UNASSIGNED: HECS possesses antinociceptive activity which is mediated via opioidergic, cholinergic and GABAergic pathways.
摘要:
■Cynarascolymus具有生物活性成分,已用于治疗作用。本研究旨在研究C.scolymus(HECS)的乙醇提取物的镇痛作用的潜在机制。
■通过50、100和200mg/kg剂量的福尔马林和乙酸诱导的扭体试验,腹膜内评估了HECS的抗伤害感受活性。此外,纳洛酮(非选择性阿片受体拮抗剂,2mg/kg),阿托品(非选择性毒蕈碱受体拮抗剂,1mg/kg),扑尔敏(组胺HH1受体拮抗剂,20mg/kg),西咪替丁(组胺H2受体拮抗剂,12.5mg/kg),氟马西尼(GABAA/BDZ受体拮抗剂,5mg/kg)和赛庚啶(5-羟色胺受体拮抗剂,4mg/kg)用于确定与HECS诱导的镇痛有关的系统。HECS对运动活动的影响通过旷场试验进行。测定总酚含量(TPC)和总黄酮含量(TFC)。采用2,2-二苯基-1-吡啶酰肼(DPPH)自由基清除试验进行抗氧化活性评价。
■HECS(50、100和200mg/kg)显着表明对福尔马林和乙酸引起的疼痛相关行为的剂量依赖性抗伤害感受活性(P<0.001)。用纳洛酮预处理,阿托品和氟马西尼可显著逆转HECS诱导的镇痛作用。不受扑尔敏影响的HECS的伤害感受作用,西咪替丁和赛庚啶。运动活动不受HECS影响。HECS的TPC和TFC为59.49±5.57mgGAE/g干提取物和93.39±17.16mgRE/g干提取物,分别。HECS的DPPH自由基清除活性(IC50)为161.32±0.03μg/mL。
■HECS具有抗伤害感受活性,该活性是通过opiopideric介导的,胆碱能和GABA能途径。
■通过50、100和200mg/kg剂量的福尔马林和乙酸诱导的扭体试验,腹膜内评估了HECS的抗伤害感受活性。此外,纳洛酮(非选择性阿片受体拮抗剂,2mg/kg),阿托品(非选择性毒蕈碱受体拮抗剂,1mg/kg),扑尔敏(组胺HH1受体拮抗剂,20mg/kg),西咪替丁(组胺H2受体拮抗剂,12.5mg/kg),氟马西尼(GABAA/BDZ受体拮抗剂,5mg/kg)和赛庚啶(5-羟色胺受体拮抗剂,4mg/kg)用于确定与HECS诱导的镇痛有关的系统。HECS对运动活动的影响通过旷场试验进行。测定总酚含量(TPC)和总黄酮含量(TFC)。采用2,2-二苯基-1-吡啶酰肼(DPPH)自由基清除试验进行抗氧化活性评价。
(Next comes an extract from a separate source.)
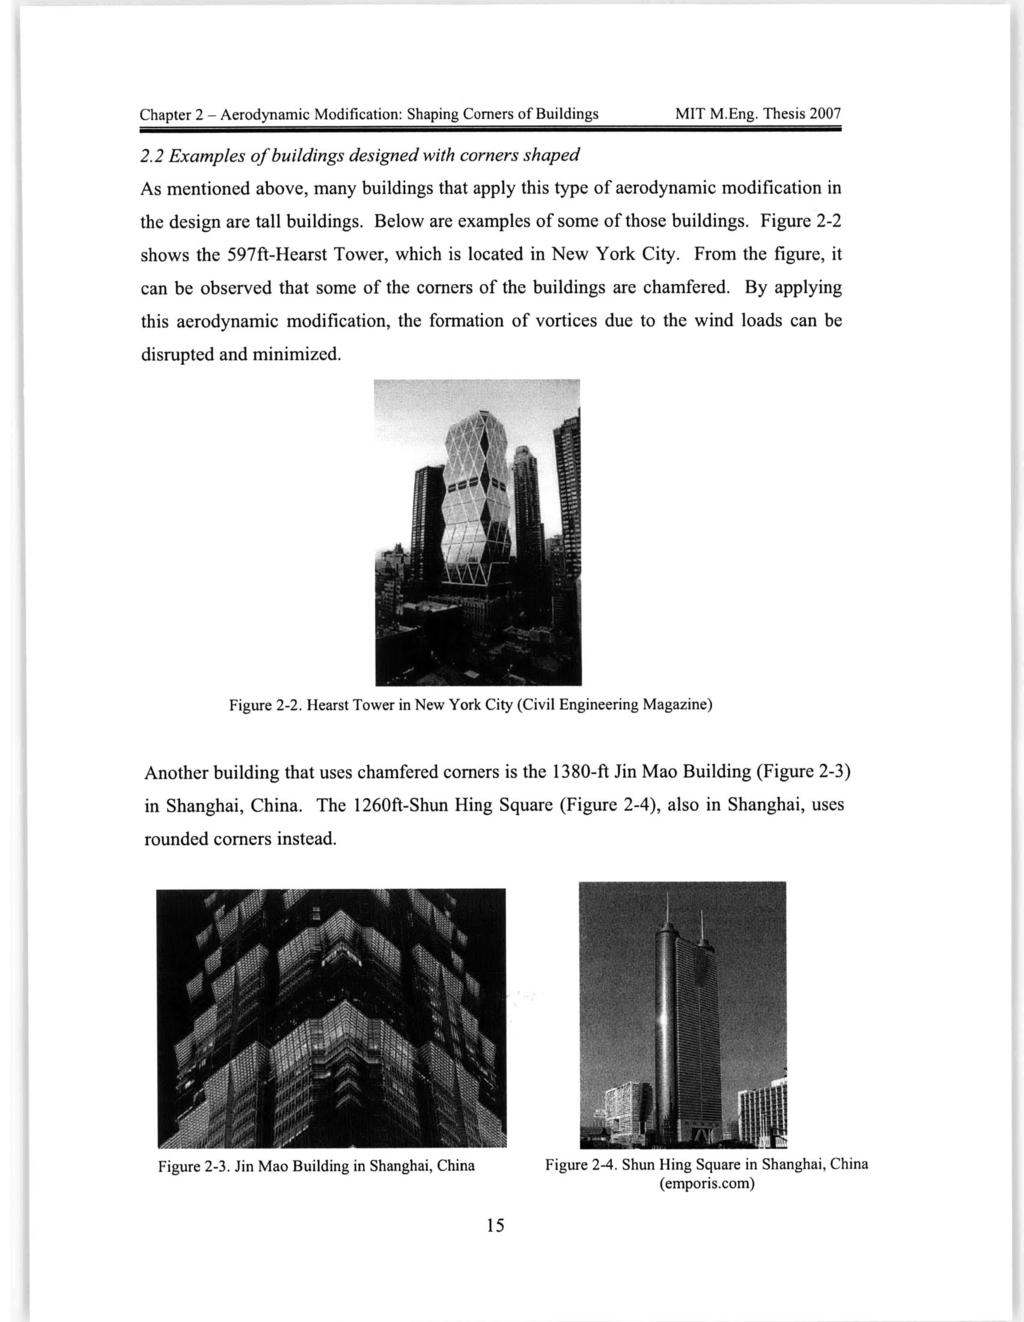 Chapter - Aerodynamic Modification: Shaping Corners of Buildings MIT M.Eng. Thesis 007.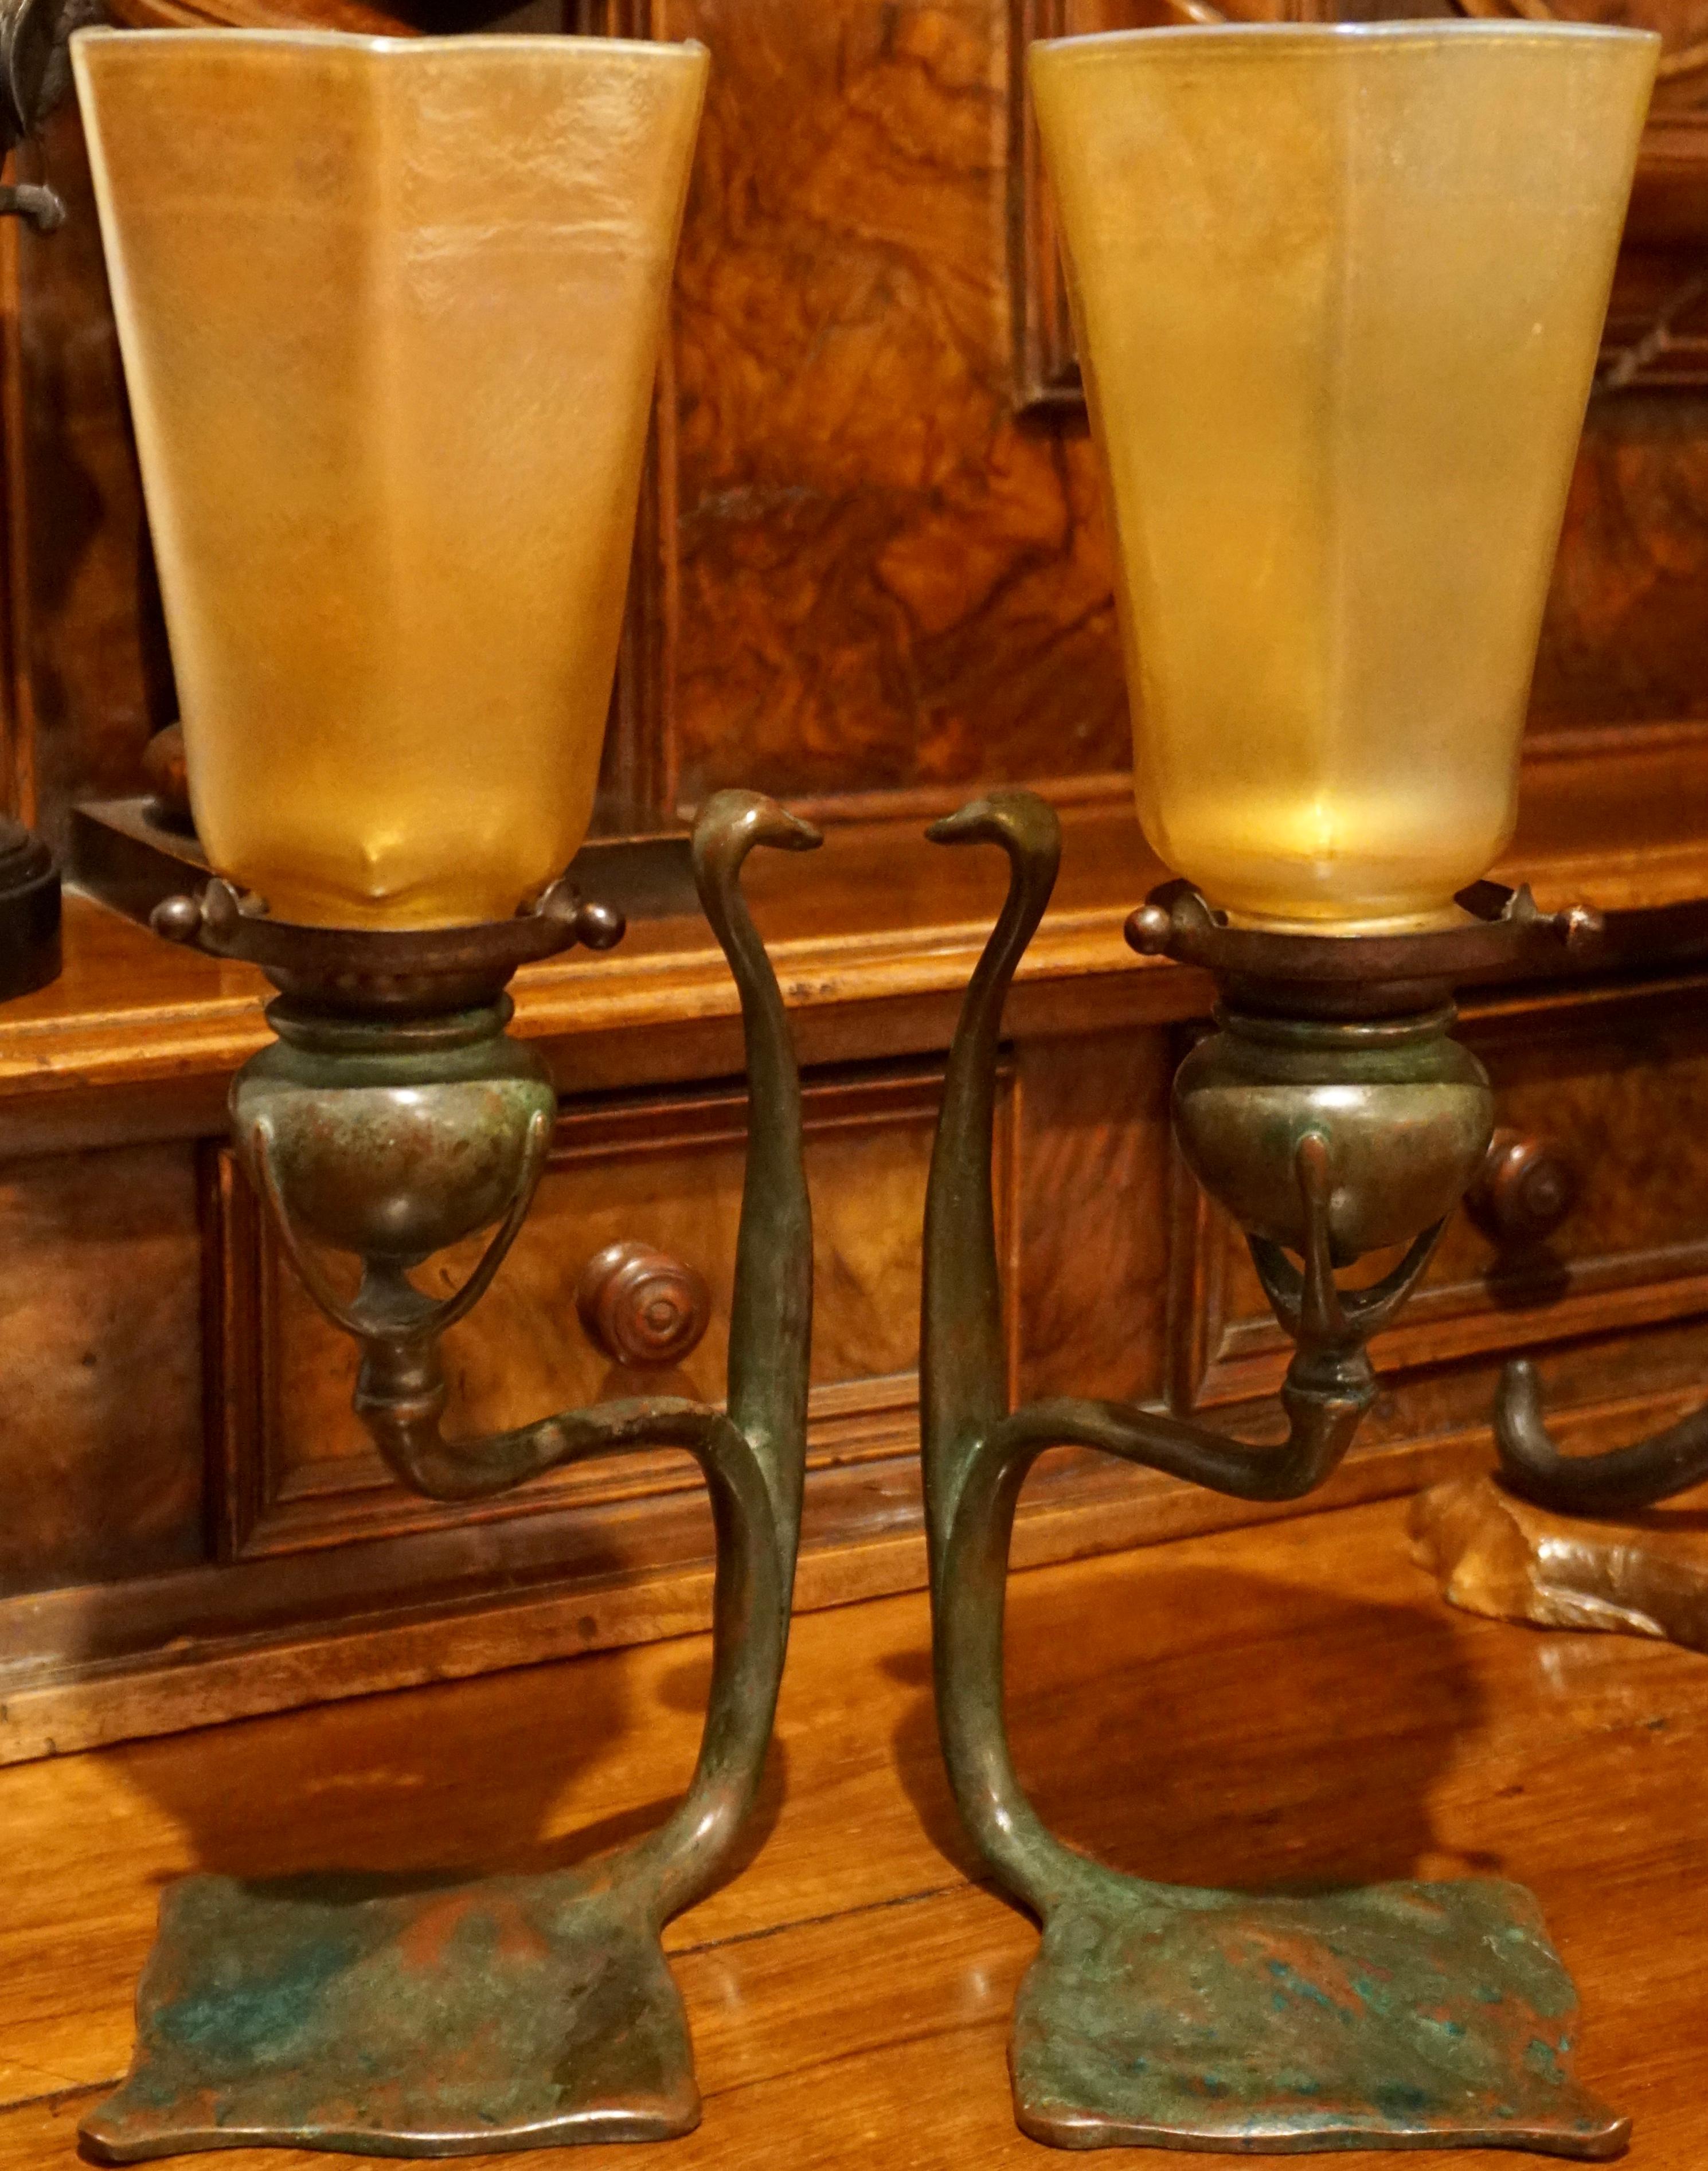 A rare pair Tiffany Studios cobra bronze candlesticks with L.C.T. Favrile lamp shades. Absolutely beautiful green, red and brown patina with no issues; just age. The gold Favrile signed L.C.T. Glass shades could not be matched more perfectly.

■HECS(50、100和200mg/kg)显着表明对福尔马林和乙酸引起的疼痛相关行为的剂量依赖性抗伤害感受活性(P<0.001)。用纳洛酮预处理,阿托品和氟马西尼可显著逆转HECS诱导的镇痛作用。不受扑尔敏影响的HECS的伤害感受作用,西咪替丁和赛庚啶。运动活动不受HECS影响。HECS的TPC和TFC为59.49±5.57mgGAE/g干提取物和93.39±17.16mgRE/g干提取物,分别。HECS的DPPH自由基清除活性(IC50)为161.32±0.03μg/mL。
■HECS具有抗伤害感受活性,该活性是通过opiopideric介导的,胆碱能和GABA能途径。